REDLINEv.04.2026
§ Disclaimer. Educational content about AI tooling for legal teams, not legal advice. Consult a qualified attorney for matter-specific guidance. See full disclosure.
§ 10 / PRICING MODELSVERIFIED 04.2026

AI Contract Review Pricing in 2026: Qualitative Bands Across 13 Platforms

Last verified April 2026. Indicative bands only; verify current terms directly with each vendor.
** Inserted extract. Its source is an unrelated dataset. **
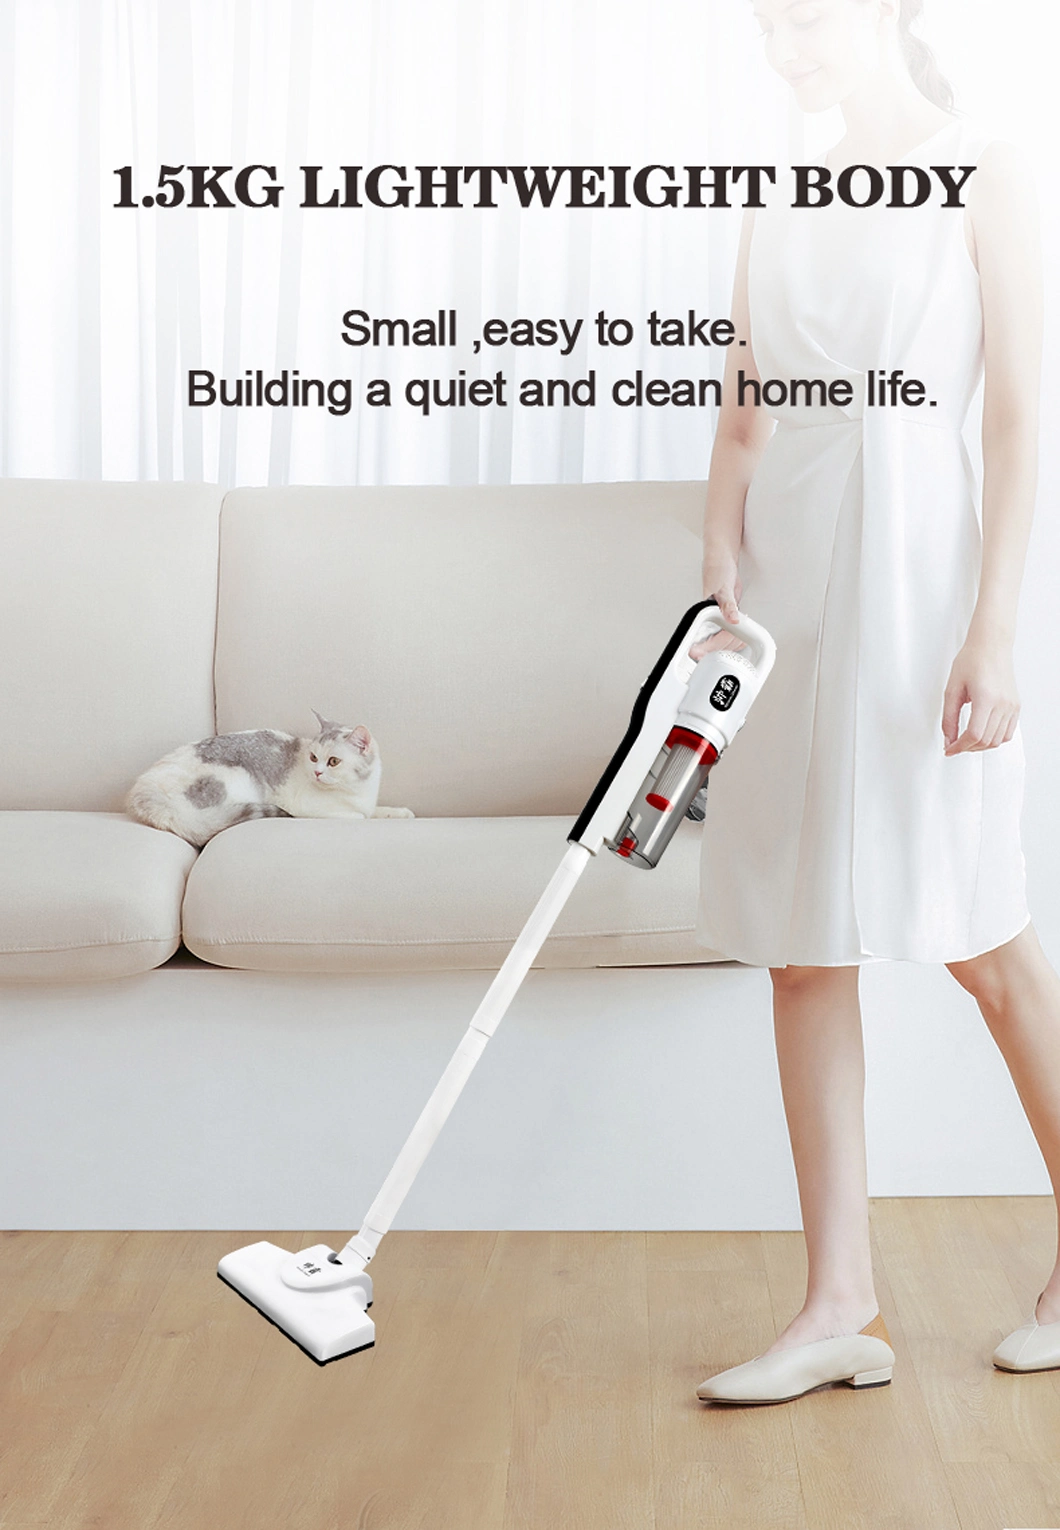 Home Aspirateur Bagless Cyclone Portable Rechargeable Handheld Wireless Cordless Floor Vacuum Cleaner
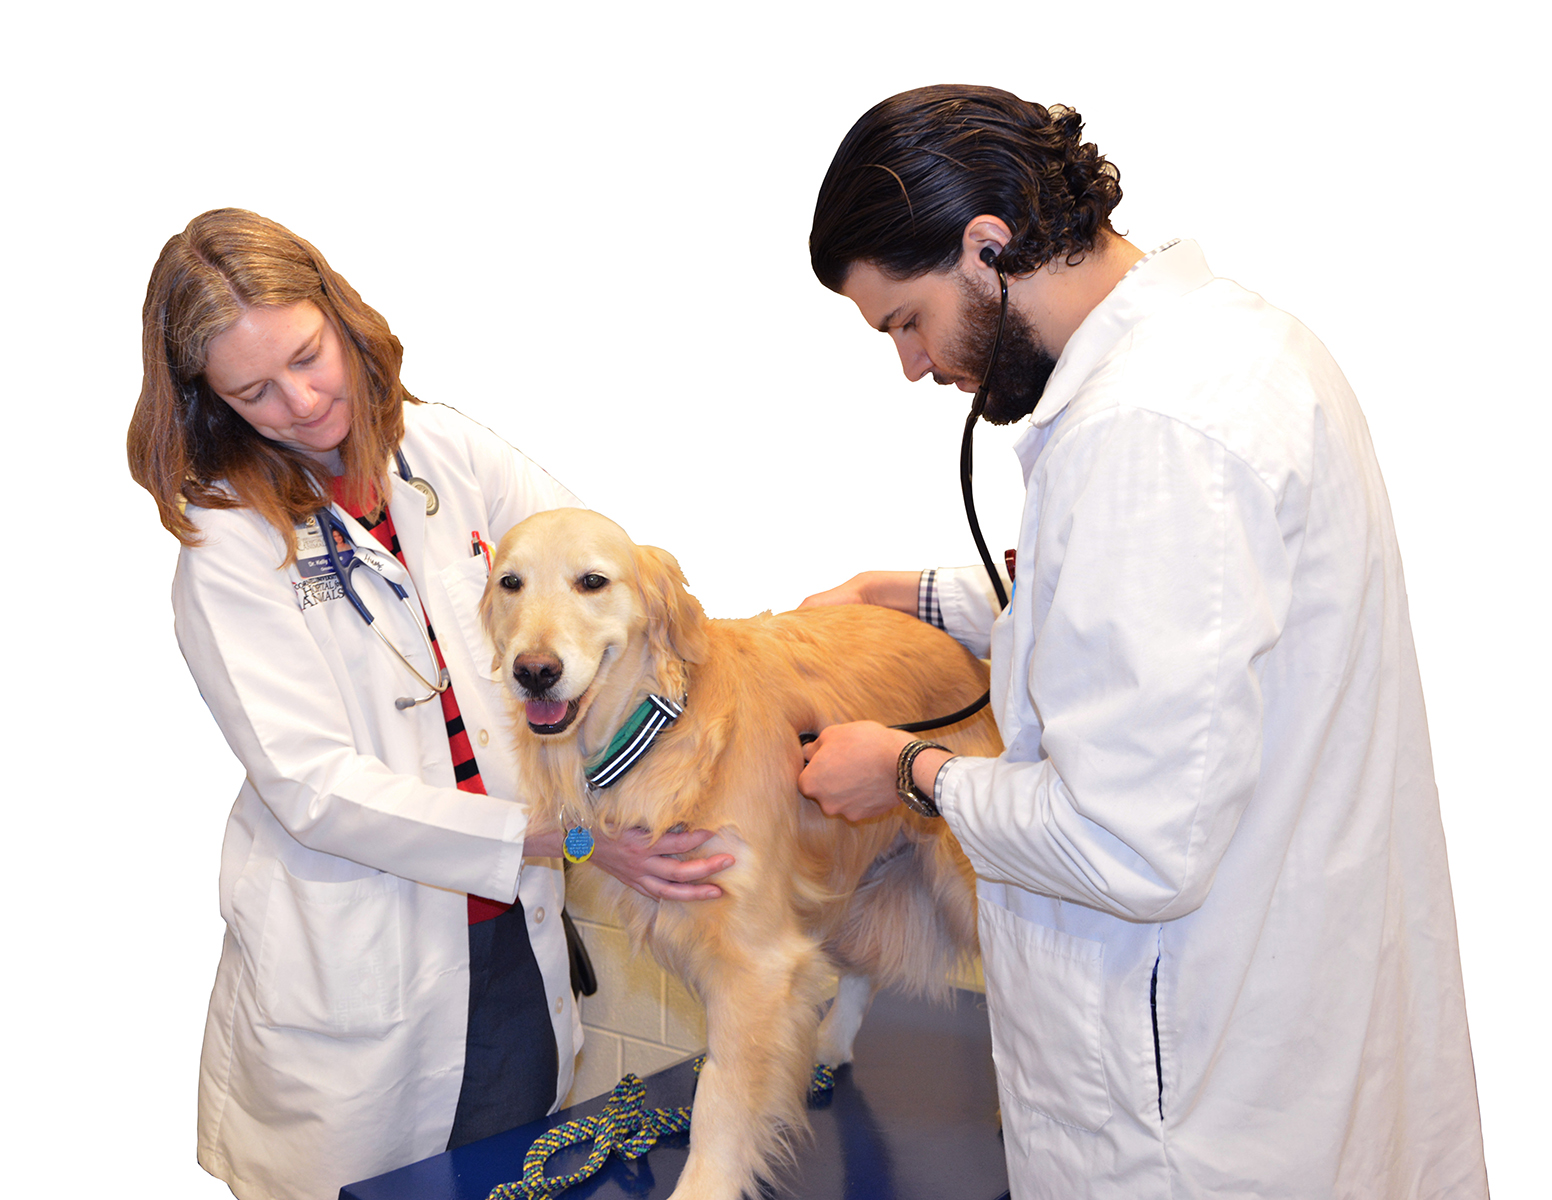 Treatment for canine cancer serves as model for humans | What's Up at  Upstate | SUNY Upstate Medical University

"Contact sales for a quote" is the most common answer to "how much does AI contract review cost" in 2026. That is not good enough for a buyer trying to build a business case. This page presents qualitative pricing bands by tier (self-serve, mid-market, enterprise, premium enterprise), drawing on public data, legal ops community reporting, vendor fact sheets, and reasonable estimates from available evidence. It is the most complete neutral pricing reference for the category that we are aware of.

Caveats that apply to every band on this page: CLM software pricing is negotiated case-by-case. Actual pricing depends on seat count, contract term length, specific modules included, organisational leverage, competitive alternatives in play, and the timing of the negotiation within the vendor's quarter. These bands are directional, not contractually accurate. Verify directly with each vendor. Use them to calibrate your budget line, not to anchor your negotiation. Indicative bands as of April 2026; vendor pricing changes.

The Four Pricing Tiers

Self-serve tier

Low monthly per-seat

Juro (starter), SpotDraft (starter)

Modern CLM with genuine AI features at an accessible entry point. Full workflow and AI review in one platform. Published list pricing typically below the mid-market band.

Mid-market tier

Quoted, mid five-figure to low six-figure annual typical

Evisort, SpotDraft (enterprise), LinkSquares (mid-tier), Juro (enterprise), Robin AI, Della

The largest number of tools operate in this band. Serious AI capabilities. Enterprise security posture developing.

Enterprise tier

Quoted only, low to mid six-figure annual typical

Ironclad, LinkSquares (enterprise), Evisort (enterprise), Luminance

Full workflow depth, enterprise security, implementation services, dedicated customer success. Ironclad is the category leader.

Premium enterprise tier

Quoted only, mid-six-figure-per-seat range typical

Harvey

Per-seat pricing that reflects BigLaw economics, not in-house economics. No self-serve or mid-market tier. Total engagement reportedly multi-six-figure annual at minimum.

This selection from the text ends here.